## Work instructions
Pictures are to be left out, and only the lines from the one containing "Woman wearing grey hoodie SU1 clothing brand" through the last line of the data are to be returned exactly.

## Data extract
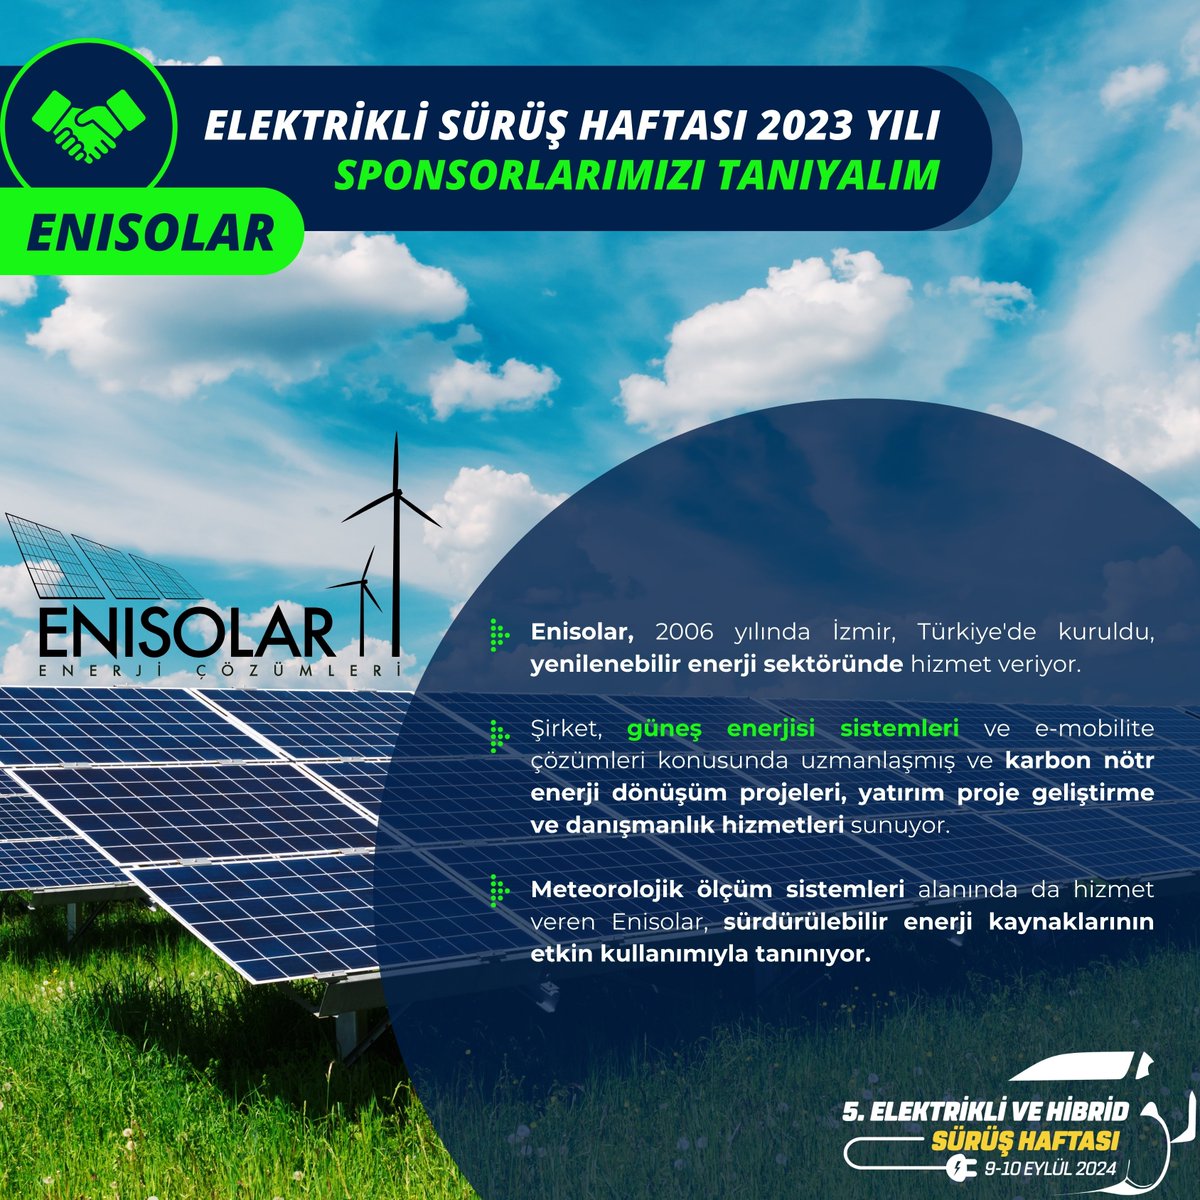 ⚡Enisolar, güneş enerjisi sistemleri ve e-mobilite çözümleri konusunda uzmanlaşmış ve karbon nötr enerji dönüşüm projeleri, yatırım proje geliştirme ve danışmanlık hizmetleri sunuyor. @ehcars #elektriklisürüşhaftası #elektrikliaraba #electriccars #hybrid @enisolar
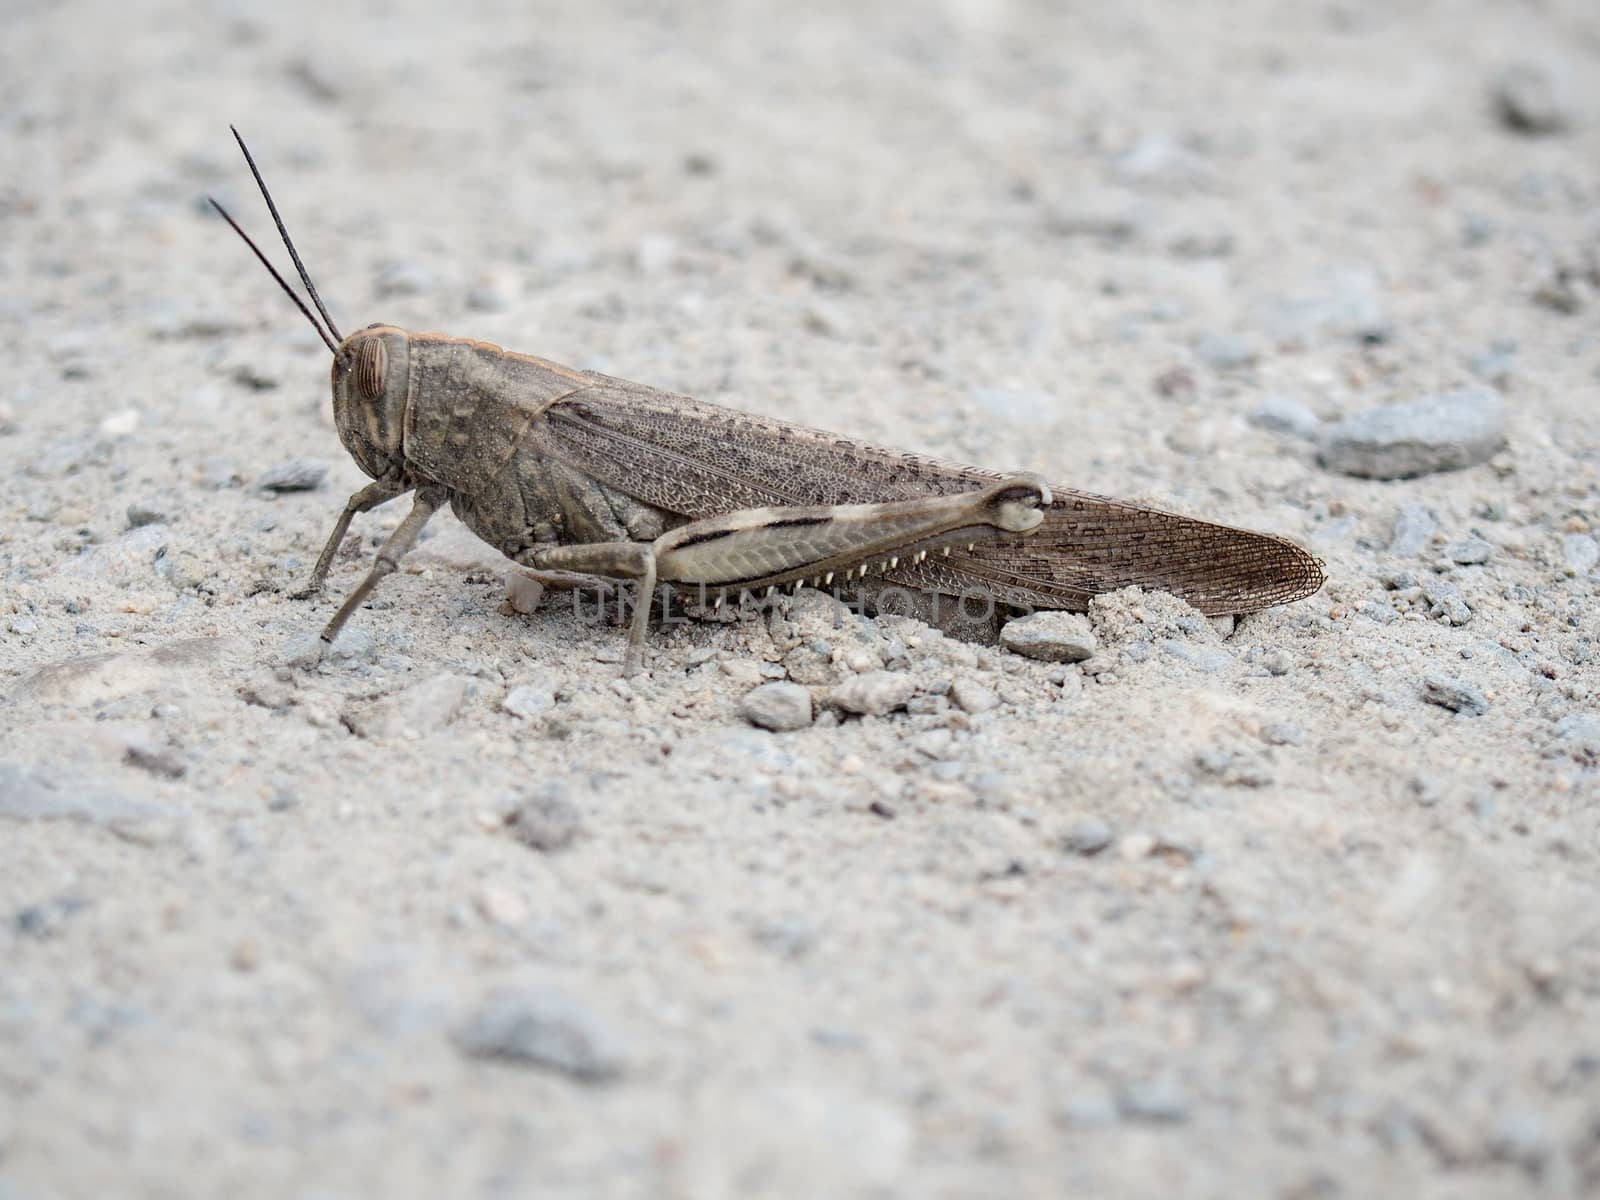 Common Brown Field Grasshopper by NikkiGensert
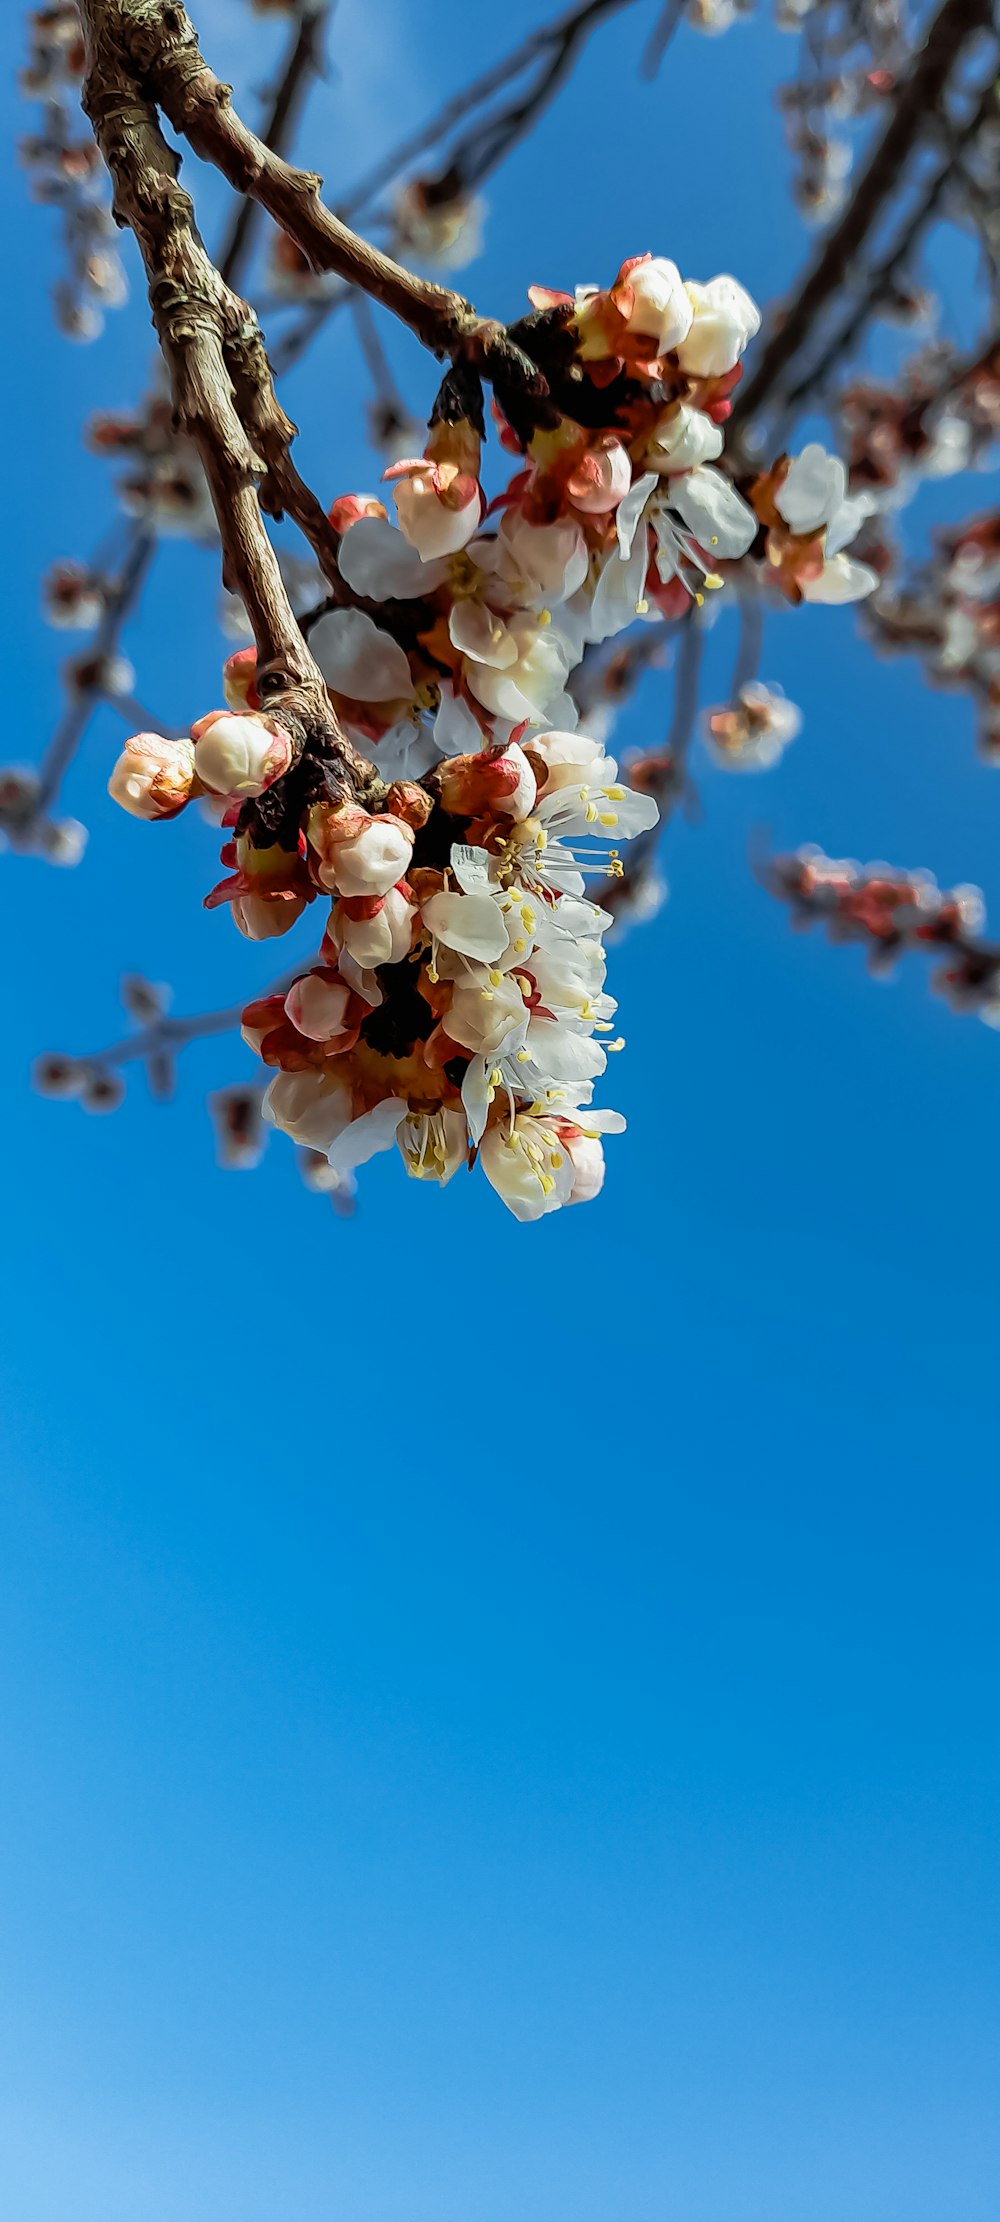 una rama de árbol con flores blancas contra un cielo azul
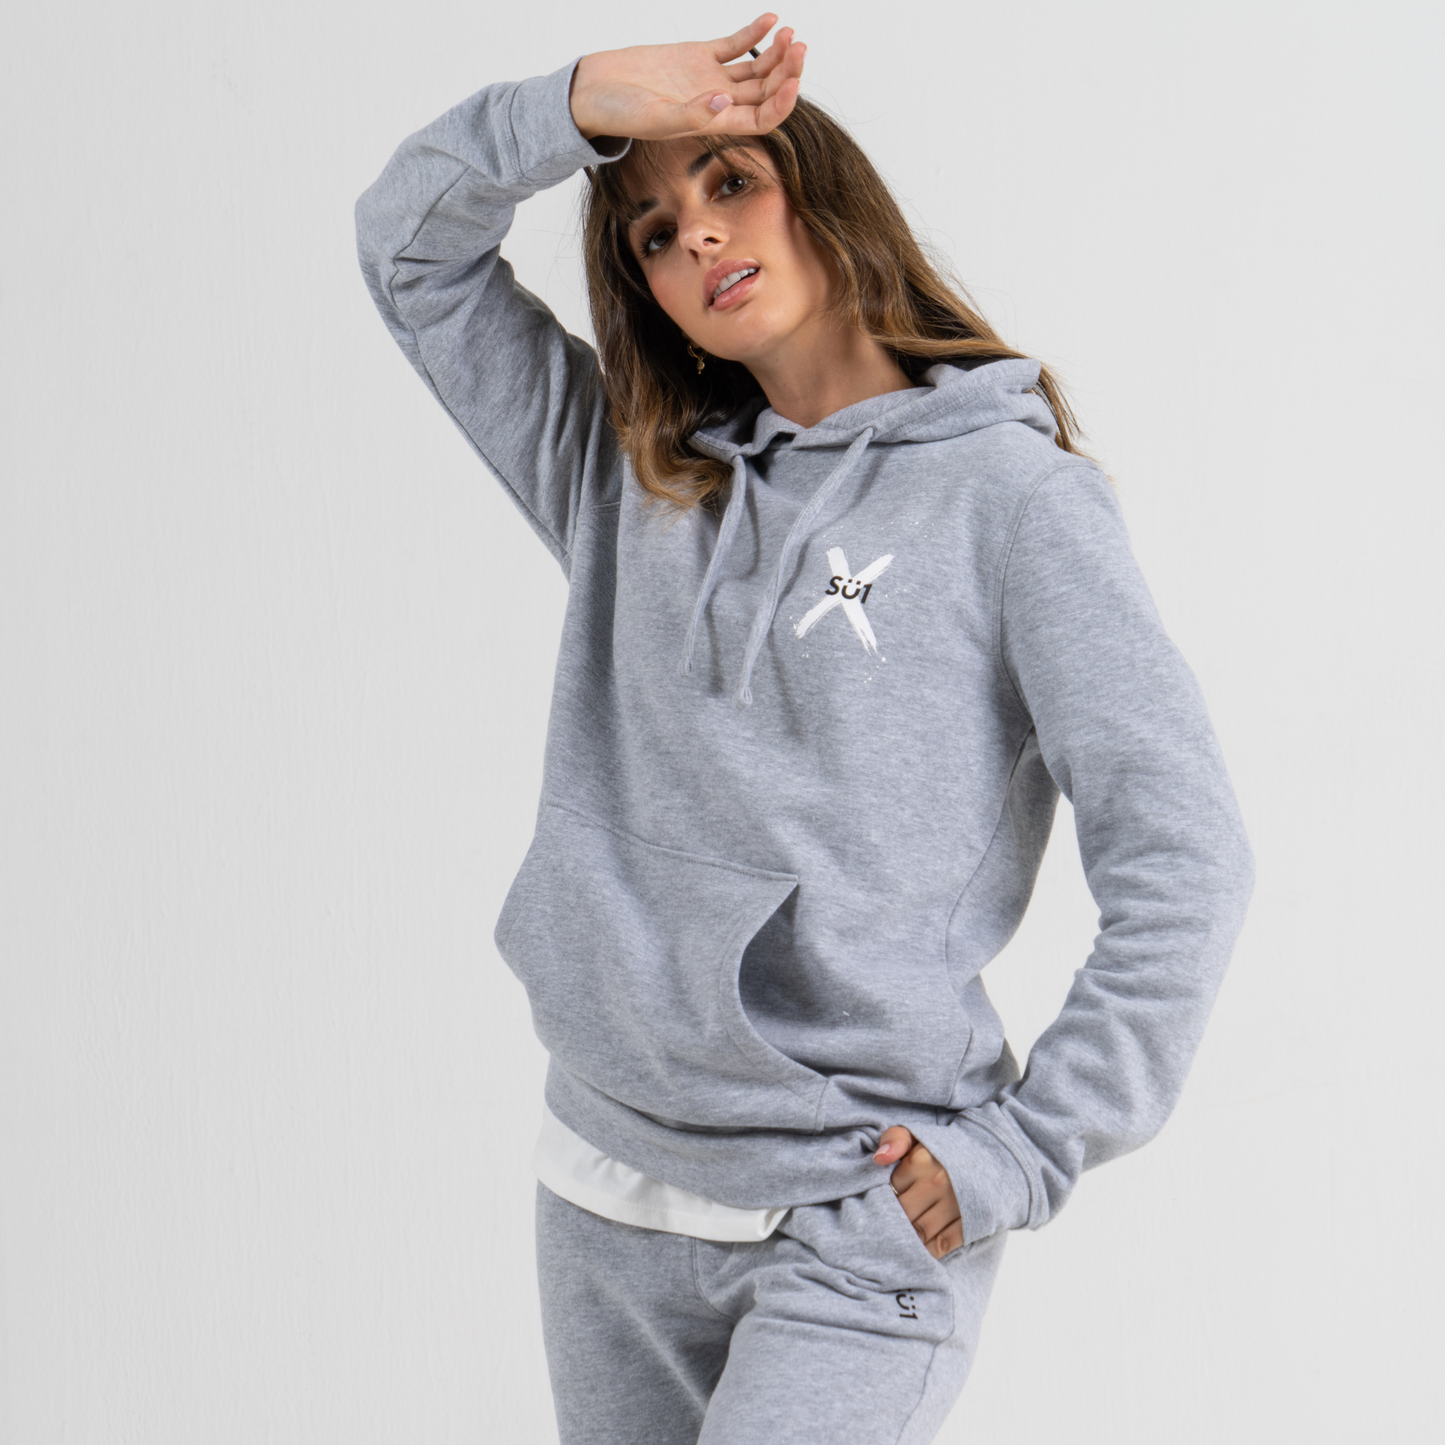 Woman wearing grey hoodie SU1 clothing brand
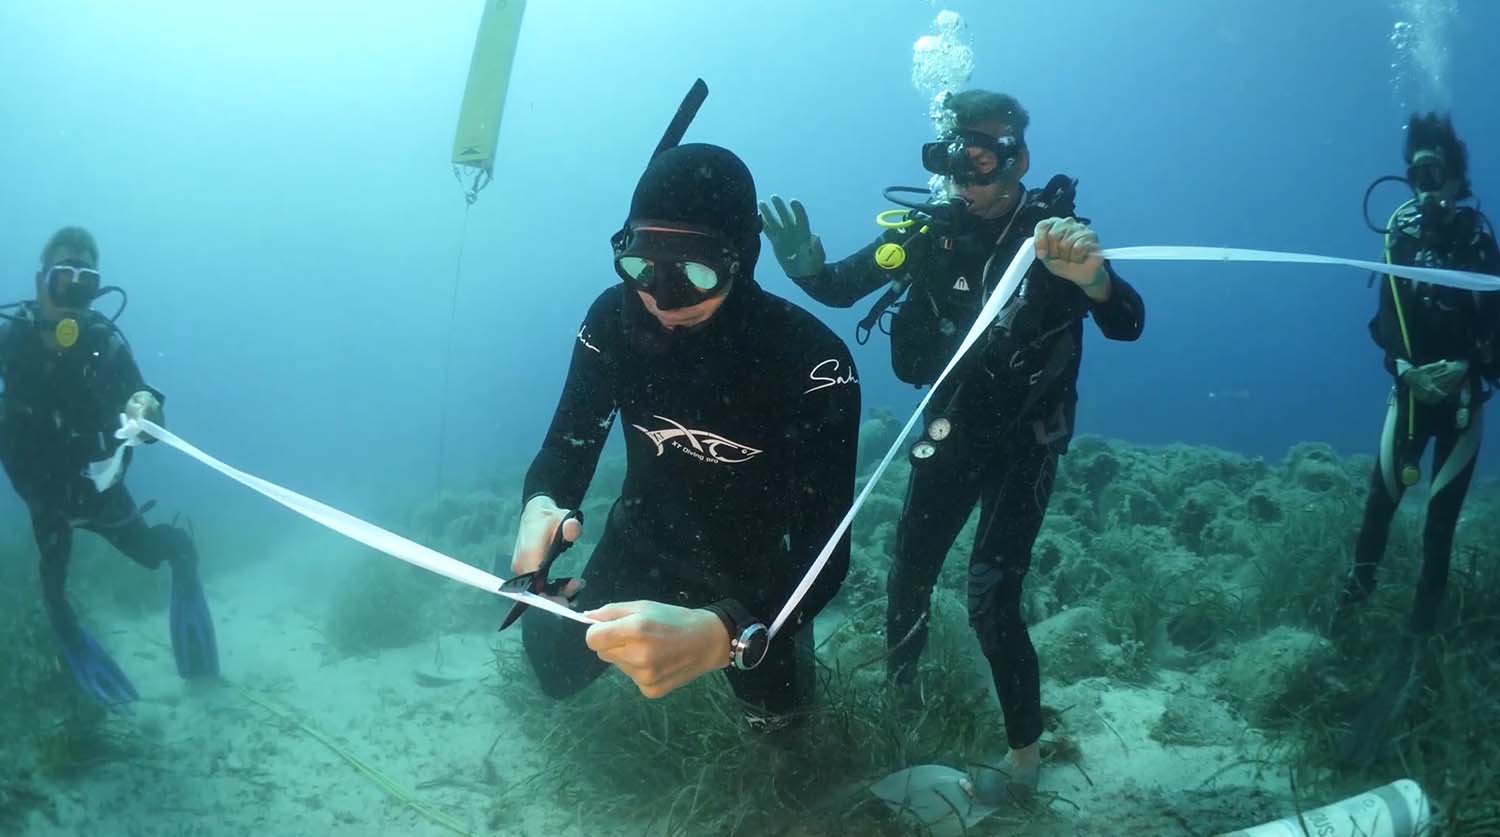 Τα πρώτα εγκαίνια στον κόσμο κάτω από το νερό έγιναν στην Αλόννησο - Δείτε φωτό και βίντεο

## Solved problem
 Woman wearing grey hoodie SU1 clothing brand
 Τα πρώτα εγκαίνια στον κόσμο κάτω από το νερό έγιναν στην Αλόννησο - Δείτε φωτό και βίντεο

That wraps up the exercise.